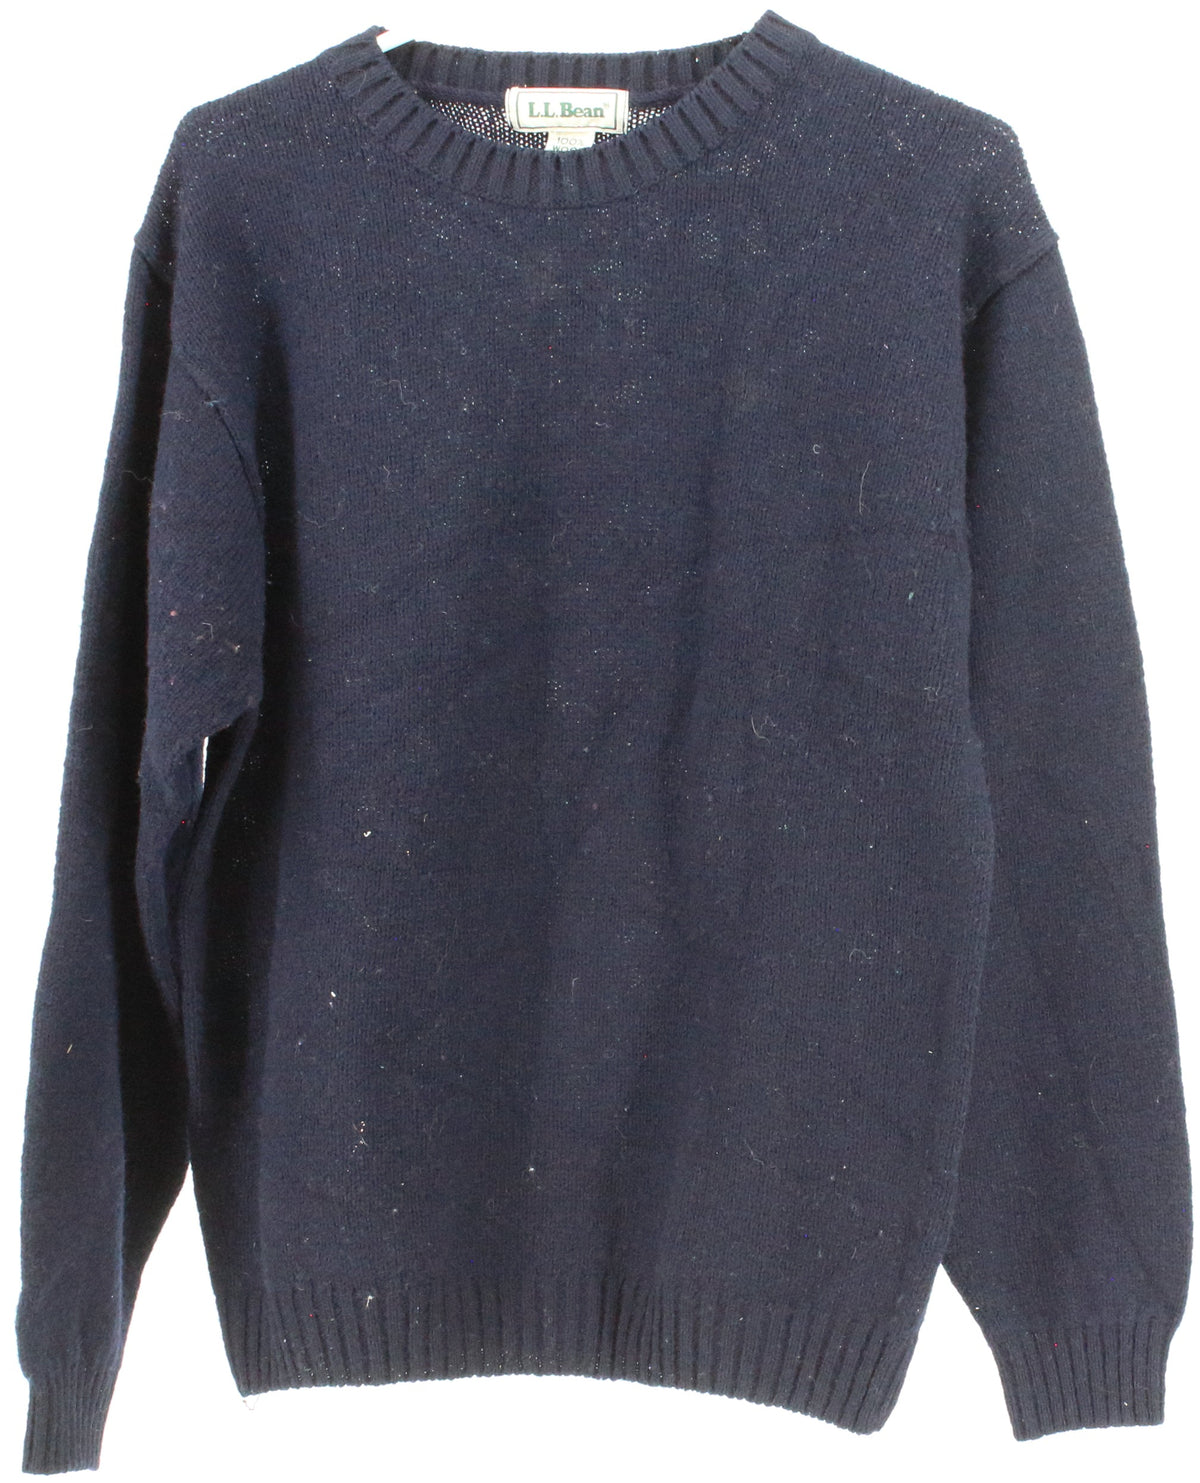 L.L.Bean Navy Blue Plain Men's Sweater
========
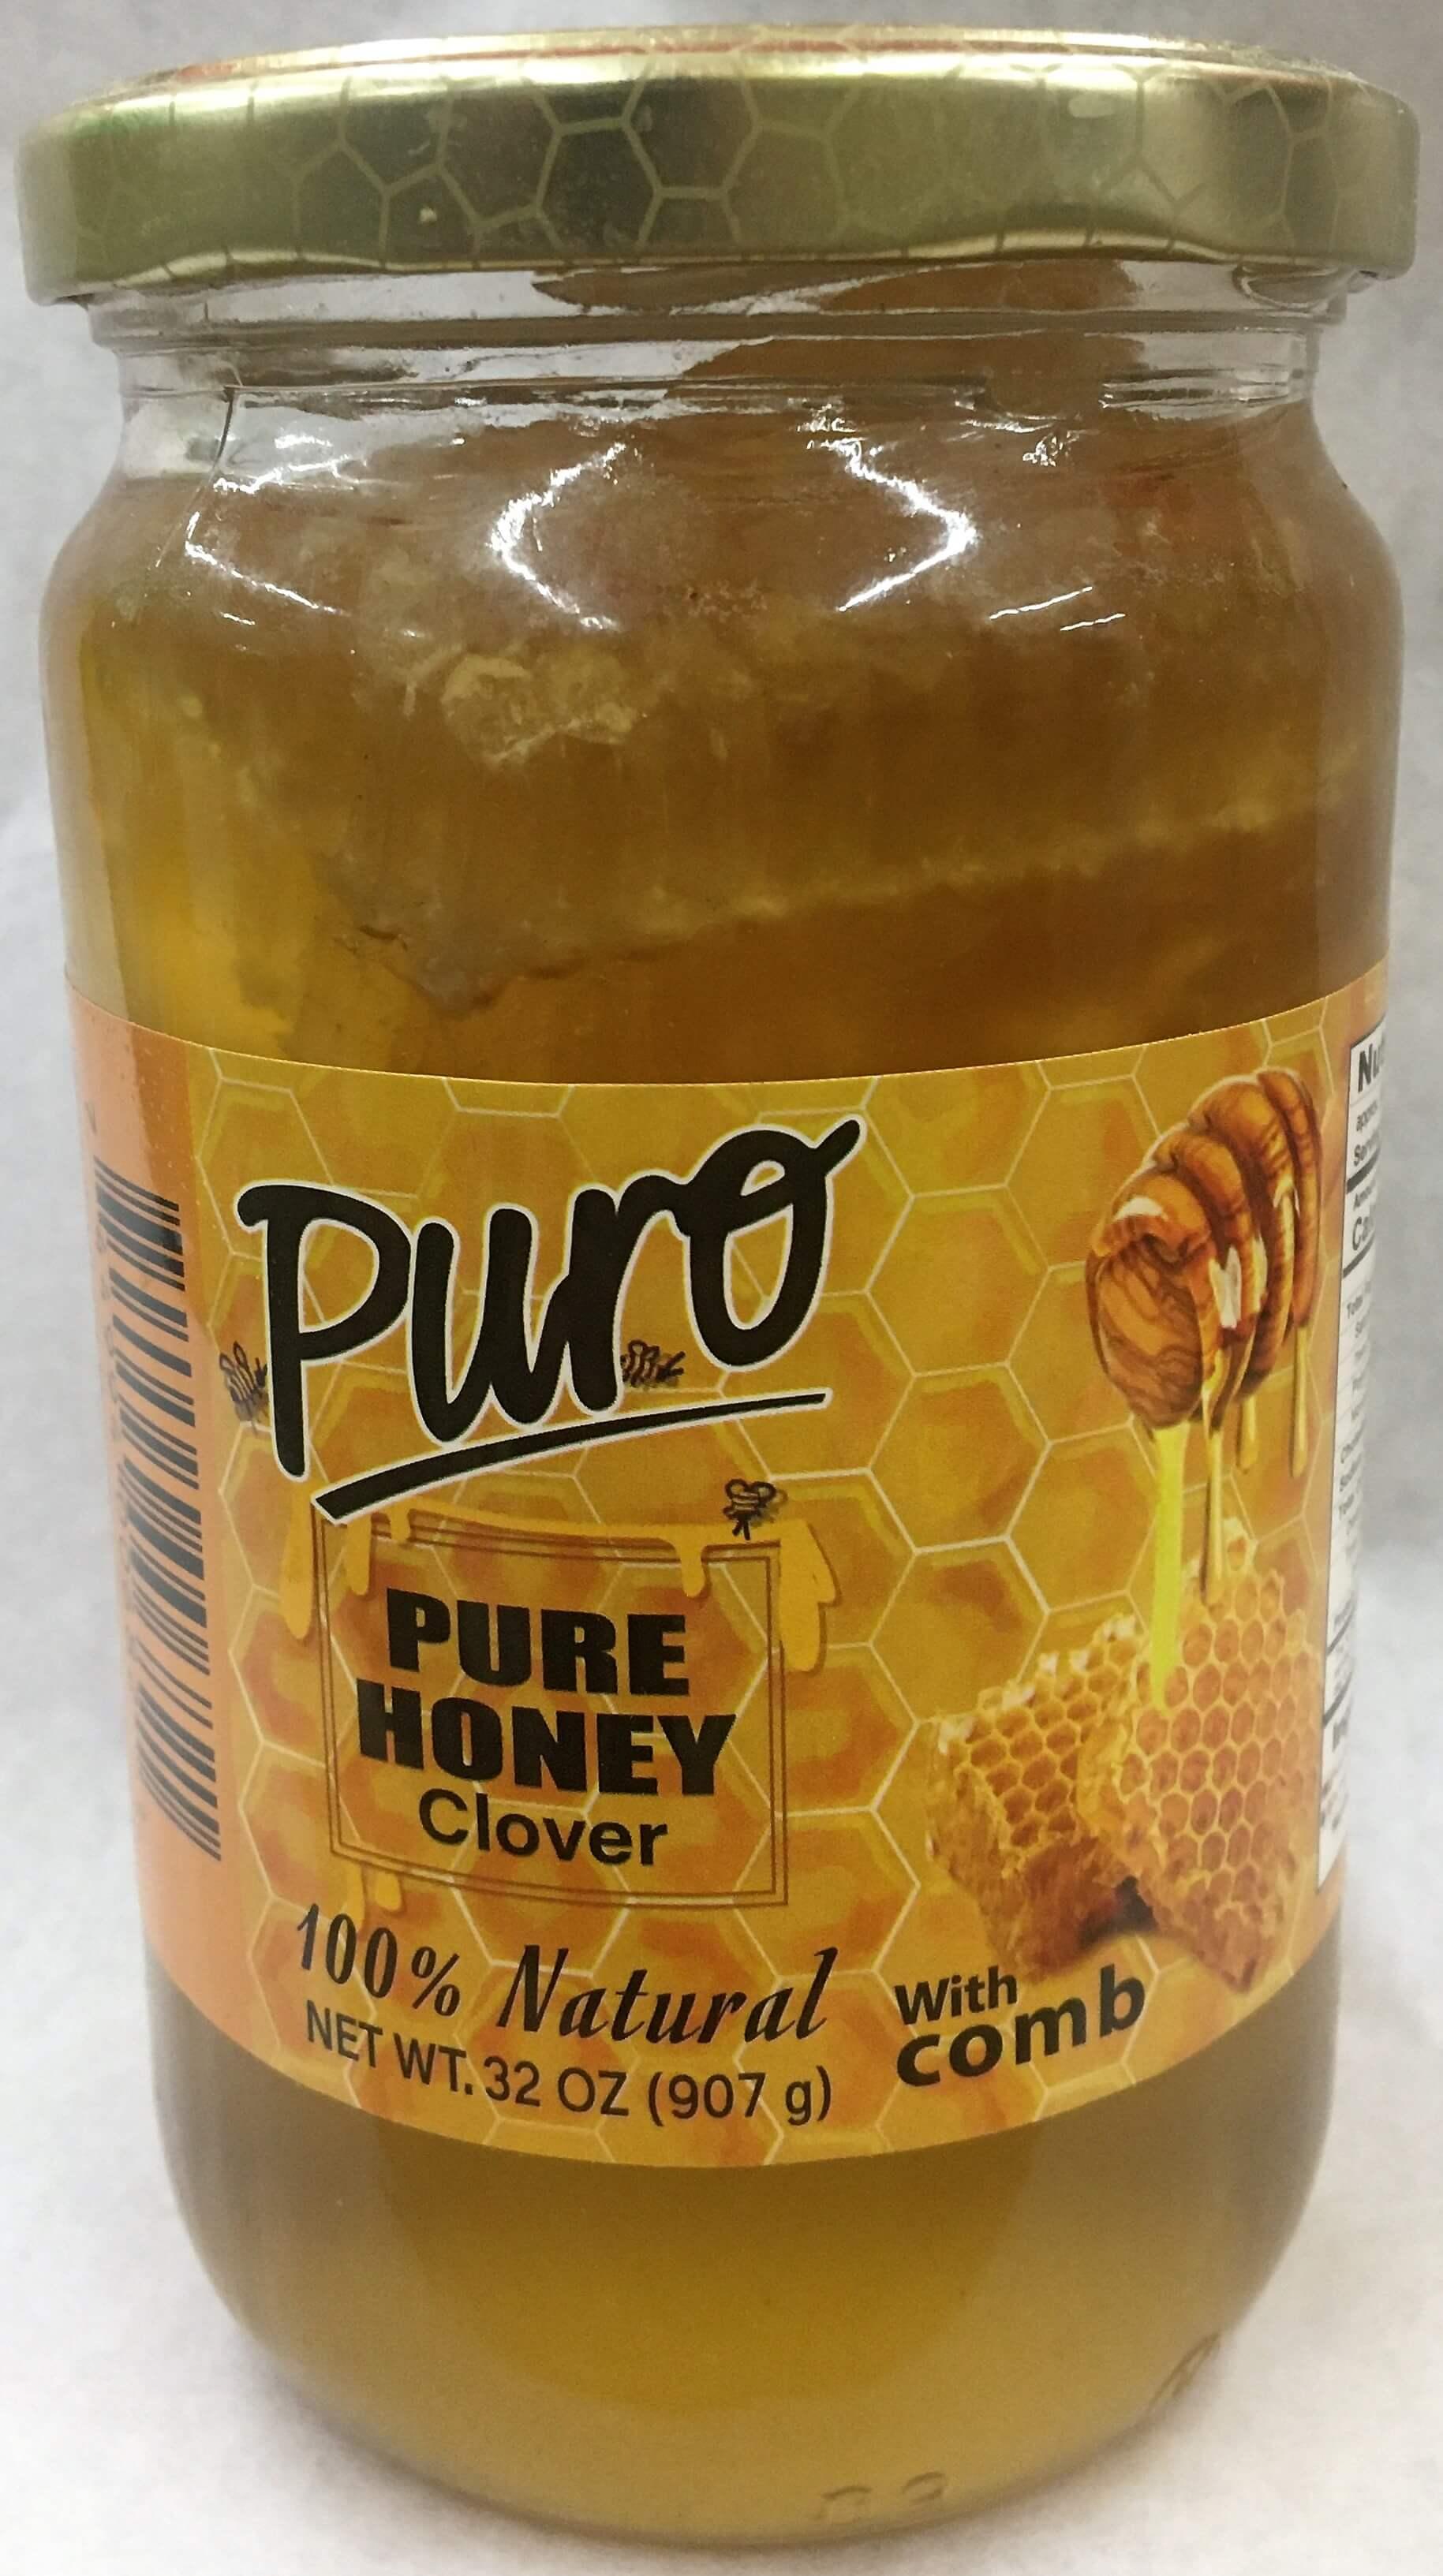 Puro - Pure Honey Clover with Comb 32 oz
========
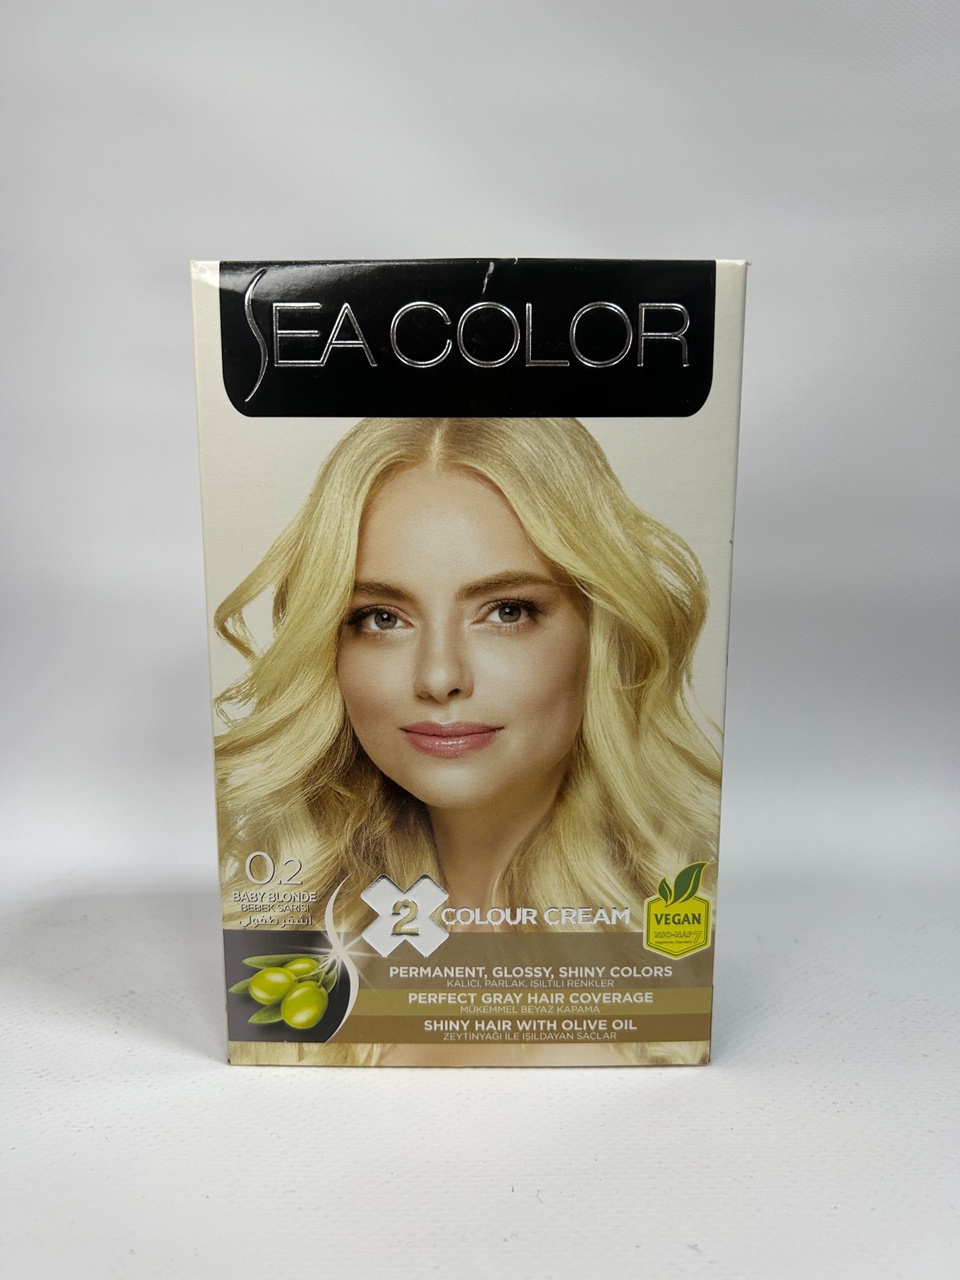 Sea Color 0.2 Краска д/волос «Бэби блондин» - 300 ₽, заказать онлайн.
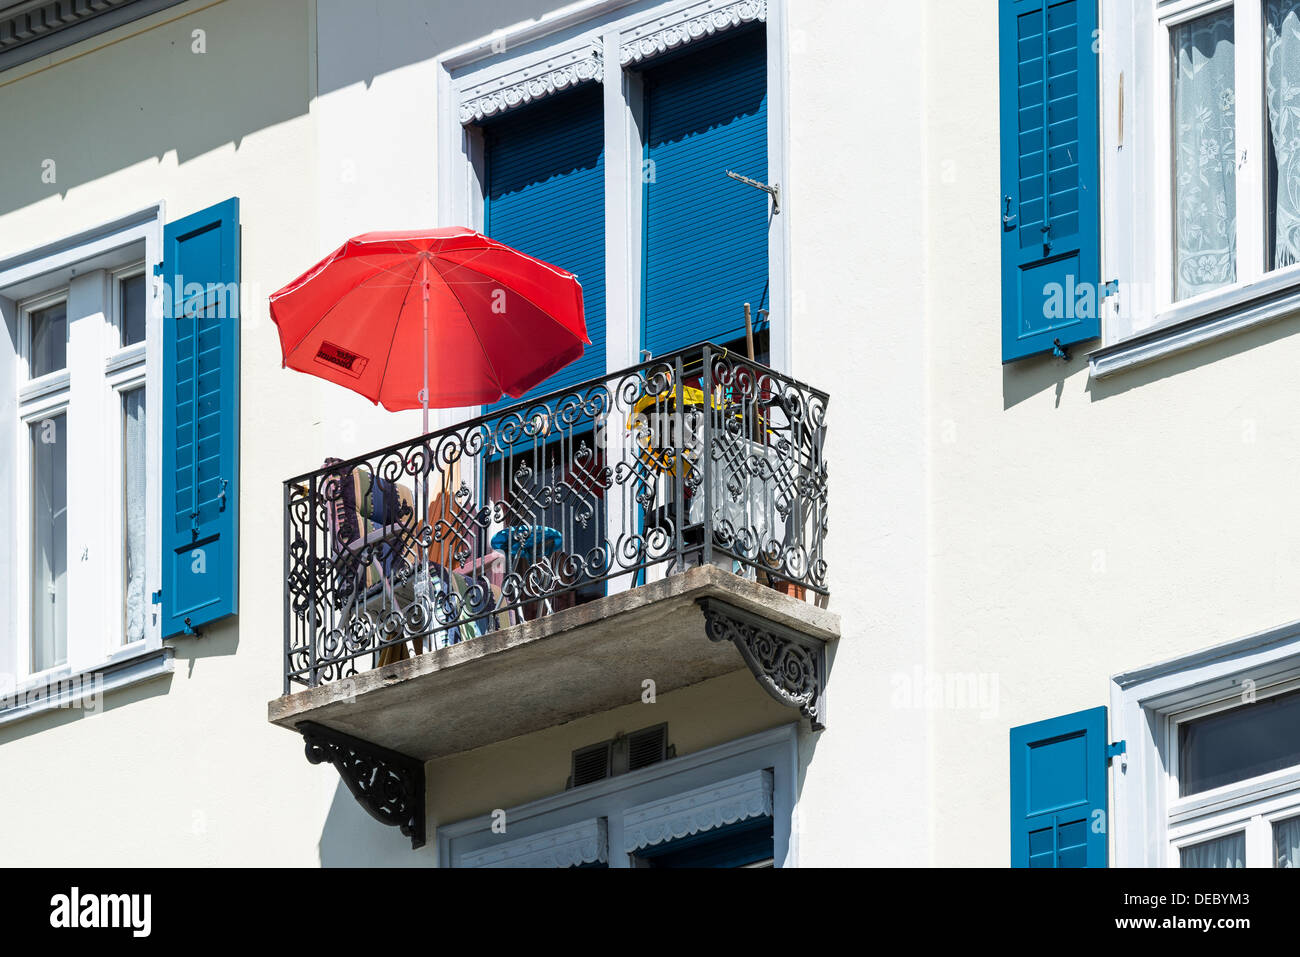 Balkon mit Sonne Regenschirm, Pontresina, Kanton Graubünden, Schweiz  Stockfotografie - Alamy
========
__ASSIGNED TASK__.
Set down word for word the lines above from the one with "Sea Color 0.2" up to and including the one with "Balkon mit Sonne". Omit every picture.

__WRITTEN SOLUTION__.
 Sea Color 0.2 Краска д/волос «Бэби блондин» - 300 ₽, заказать онлайн.
 Balkon mit Sonne Regenschirm, Pontresina, Kanton Graubünden, Schweiz  Stockfotografie - Alamy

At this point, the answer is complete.